The Mountain Valley Pipeline route U.S. Energy Information Administration

UN Secretary General Antonio Guterres is my favorite diplomat, even though — or really because — he’s not very diplomatic. He’s been calling out countries and corporations for years for ignoring the climate crisis, declaring after the world’s hottest week in July, that “Climate change is out of control. If we persist in delaying key measures that are needed, I think we are moving into a catastrophic situation.”

Last year he declared new funding for fossil fuel exploration “delusional,” and said, “Nations continue to play the blame game instead of taking responsibility for our collective future.”

Melinda Tuhus

Guterres is sponsoring a “climate ambition summit” Sept. 20, where the price of admission is a commitment to cease approving new fossil fuel projects.

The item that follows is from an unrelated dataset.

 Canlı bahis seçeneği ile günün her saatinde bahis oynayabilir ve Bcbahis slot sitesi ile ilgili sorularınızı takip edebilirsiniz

I’m not sure how many countries could qualify — certainly not the United States, where the Biden administration has been greenlighting major new fossil fuel projects, including, most recently, two huge gas and oil projects in Alaska and the Mountain Valley fracked gas pipeline (MVP) through West Virginia and southwestern Virginia, and possibly North Carolina.

The Arctic is heating up four times faster than the Earth as a whole, and the oil companies are going to have to refreeze the melting permafrost to even try to carry out their Alaska projects. The MVP project is blasting through some of the steepest, most unstable terrain in the country, inviting landslides and contamination of some of the purest water in the world.

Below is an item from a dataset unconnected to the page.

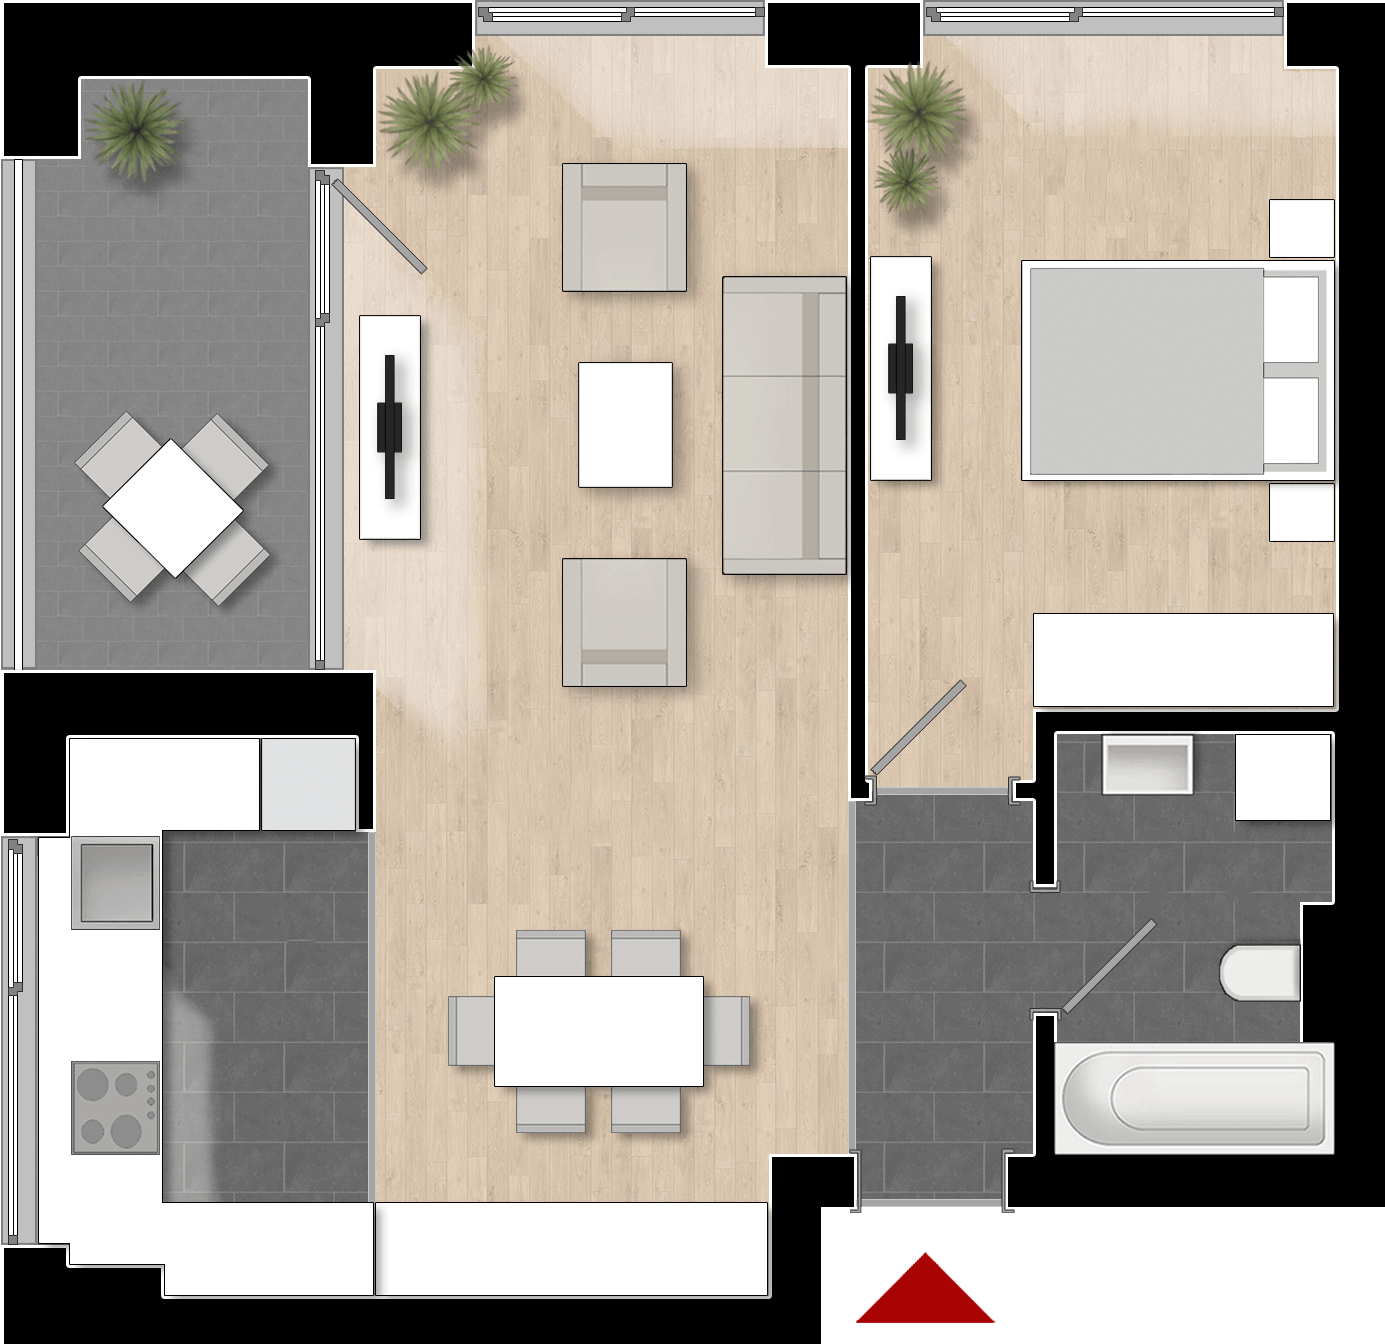  Apartament 404, Tip de apartament 2B cu 2 camere

Senate Majority Leader Chuck Schumer, Biden, and his energy secretary, Jennifer Granholm, went to bat for the MVP and made sure completing it was a requirement included in Section 324 of the debt ceiling bill (the Financial Responsibility Act) passed in early June. It gave a 21-day deadline for all approvals to be granted, and said any appeals would be transferred from the 4th Circuit, based in Richmond, VA — which had issued several rulings against the project and in defense of our bedrock environmental laws — to the DC Circuit Court.

The truth is, the MVP can’t be built without breaking these laws. The 4th Circuit had been considering two appeals, but just threw in the towel on Aug. 11, saying the inclusion of Section 324 tied the court’s hands.

One of the judges, Roger Gregory, wrote:

“…Section 324 is a blueprint for construction of a natural gas pipeline by legislative fiat. If that provision is likewise constitutionally sanctioned, the Congress will have found a way to adjudicate by legislating for particular cases and for particular litigants, no different than the governmental excesses our Framers sought to avoid. For that reason, I fear Congress has employed this Court’s constitutionally directed deference to legislative prerogatives to undermine the Constitution and in the process, it has made the Court an accessory to its deeds. If that is so, I wonder if Section 324 is a harbinger of erosion not just to the environment, but to our republic.”

The sad fact is that despite the support for renewable energy in the Inflation Reduction Act and the Infrastructure Investment and Jobs Act, President Biden is in essence an all-of-the-above energy promoter, just as Obama was before him, even though the climate crisis is so much worse now.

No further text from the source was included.